Some of you might be getting tired of me writing about kids or labor or pain, but that is whats on my mind right now. How do you prepare your mind mentally and your body physically for something that you KNOW Is going to hurt like crazy???  I have been praying since shortly after I got pregnant that I would be able to labor and deliver this baby without the epidural. I do not think its wrong to get one, I just really want to do it without this time and since I know myself and would rather get something to ease the pain, I figured I would present it to the one who knows my body the best and ask for help from the One who created me…God.

THAT prayer and thought and what is coming up that we remember at this time (the resurrection of our Lord) got to me to thinking of how Jesus prepared for pain.
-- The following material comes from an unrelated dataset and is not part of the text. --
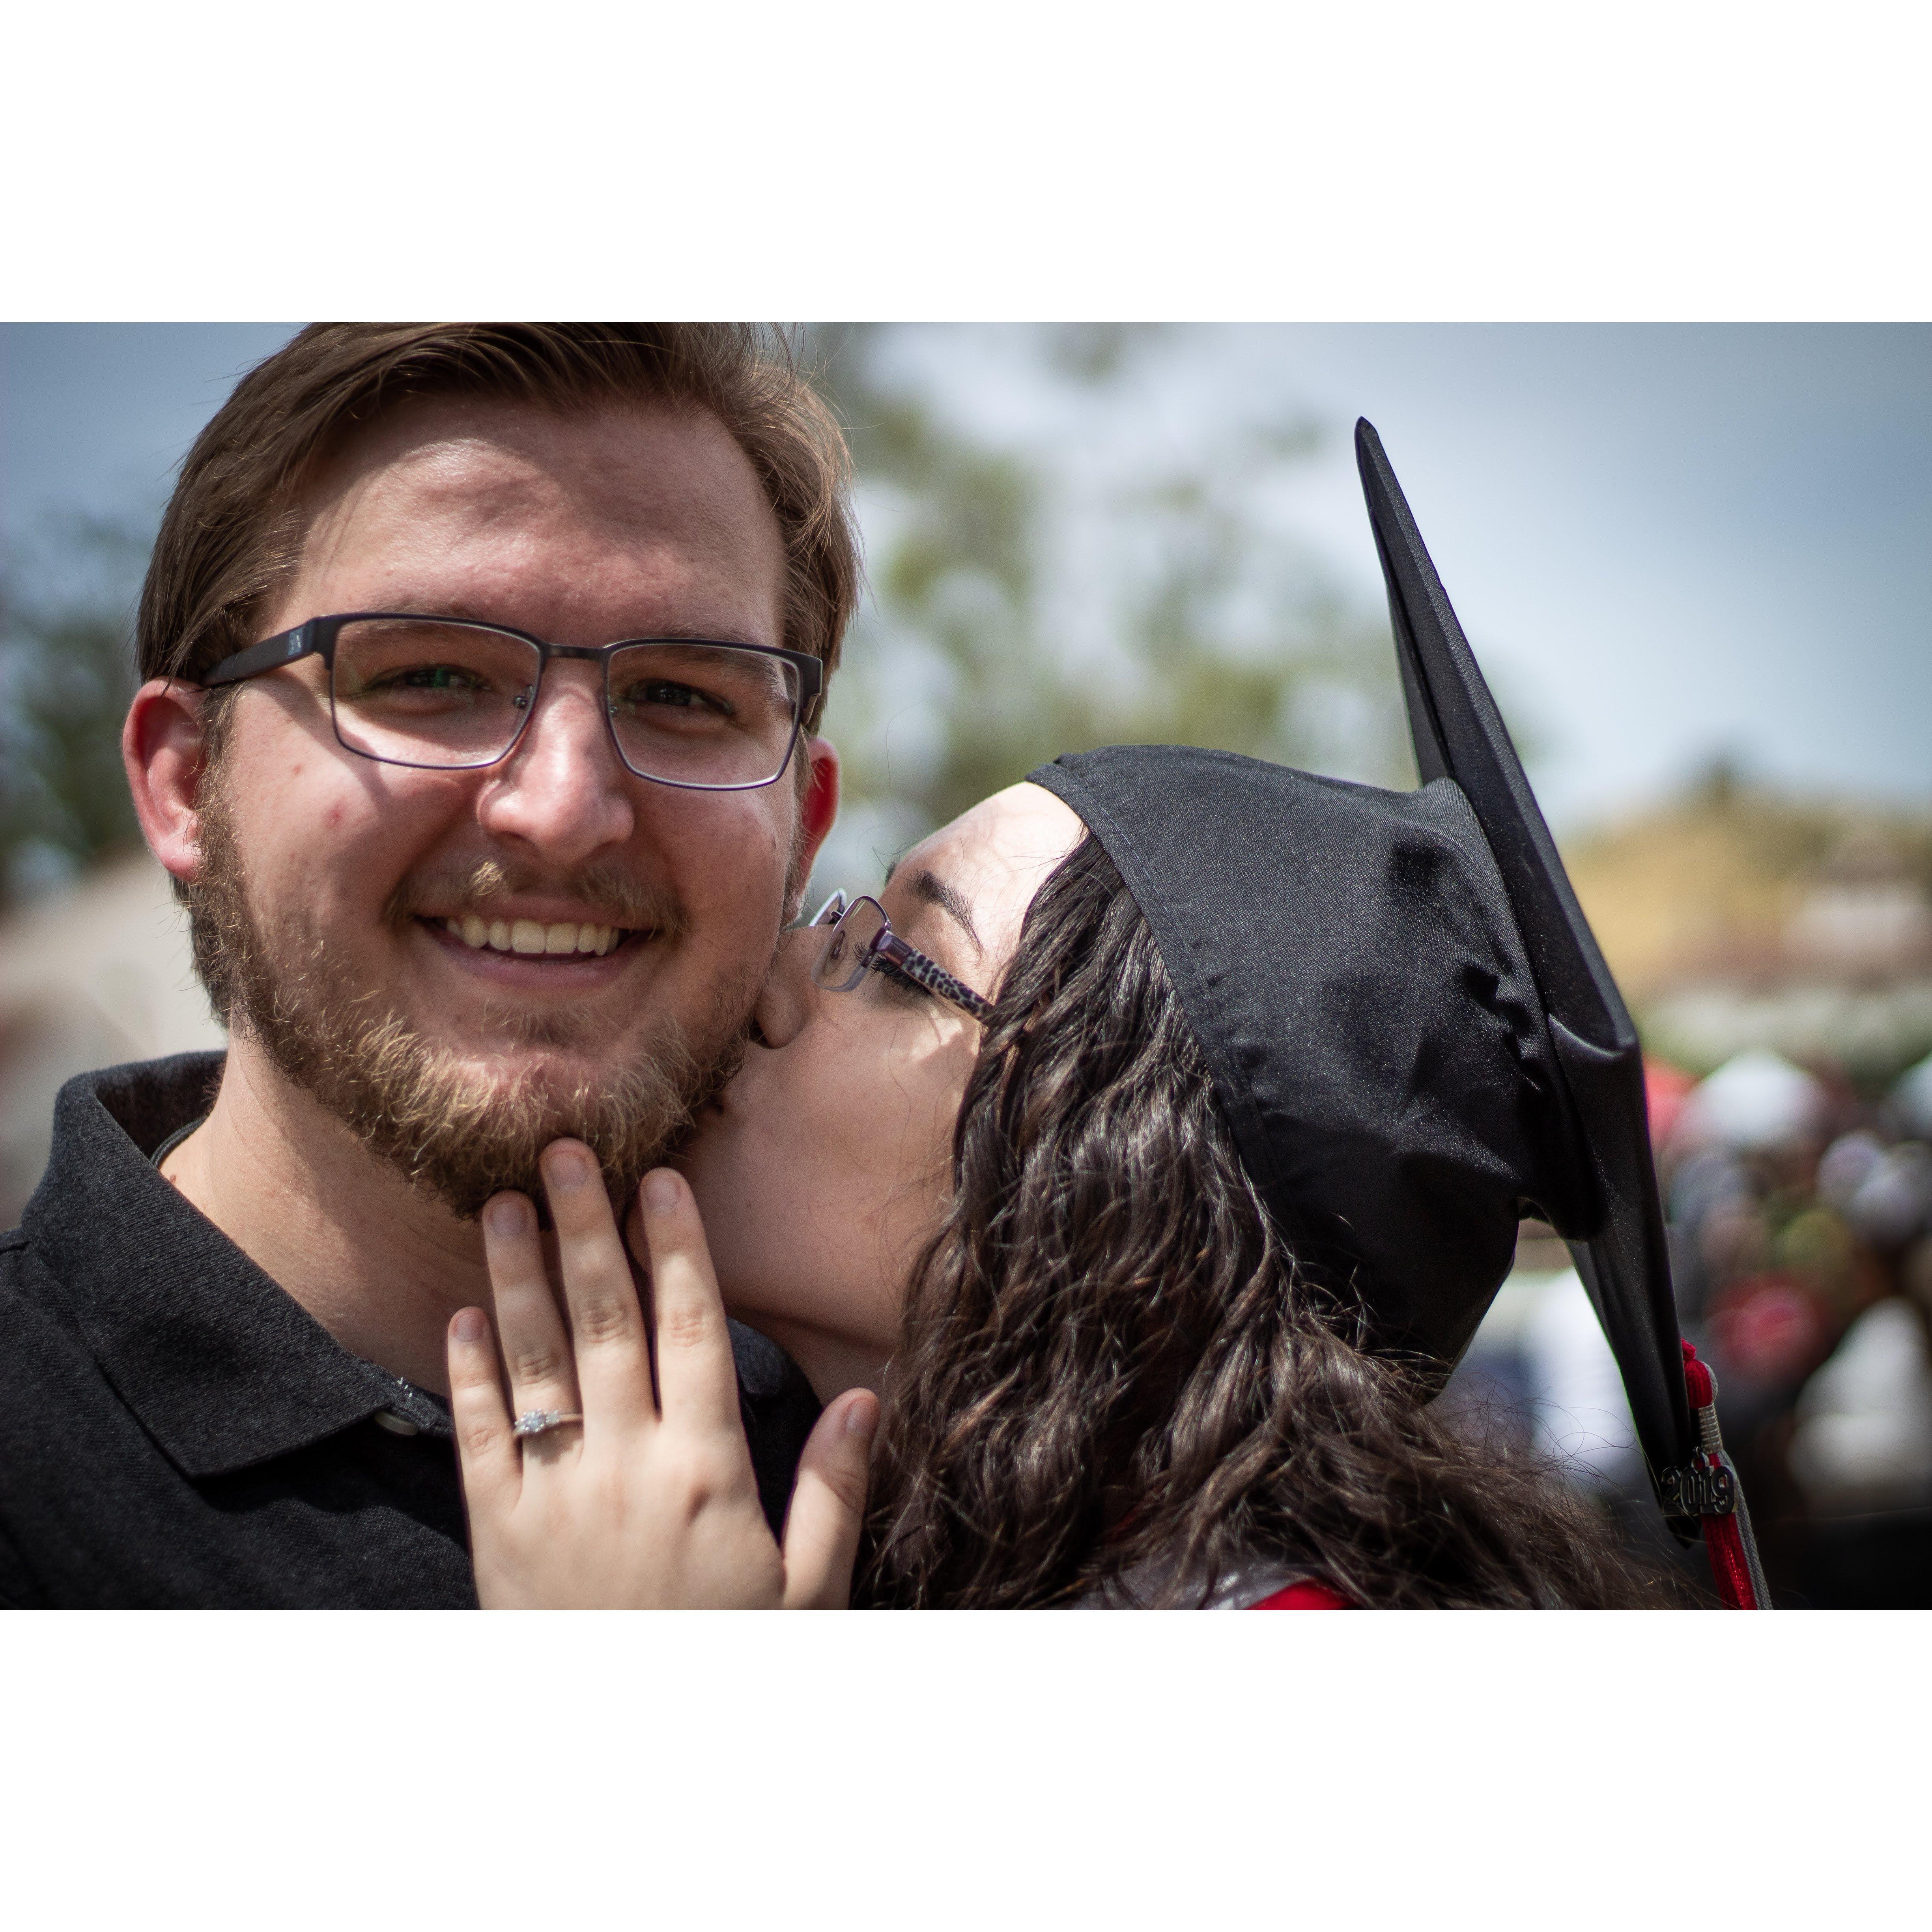 Ashley's graduation from CSU Channel Islands in Spring 2019, 3 days after getting engaged, 2 days before moving to Costa Mesa, and 10 days before starting the masters & teaching credential program.

He did the same thing I am doing – he prayed!

Albeit I think the pain and suffering he went through FAR outweigh labor and delivery, especially the mental part of him taking on our sins and being separated from God,  but the bible says that he sweat drops as blood BEFORE the pain started…and while he was on the cross they tried to give him wine mixed with gall, from the studies I have heard the reason is because it was supposed to ease the pain and he denied it!!! I am not sure I will be so strong to do that, I have asked the midwives to not even bring it (pain meds) up to me unless *I* ask for it.

My thoughts are all jumbled on this post but with everything that is going on, I thought it was something worthy to think on. How did Jesus prepare for pain? How would I have prepared my body for the pain of having my bones broken (car accident), or my head cracked against a rock (hiking accident), my head cracked against a car part (concussions) and how am I preparing my body for labor? How do/can I prepare mentally for the pain of labor and delivery?

How do /did/ would YOU prepare for pain?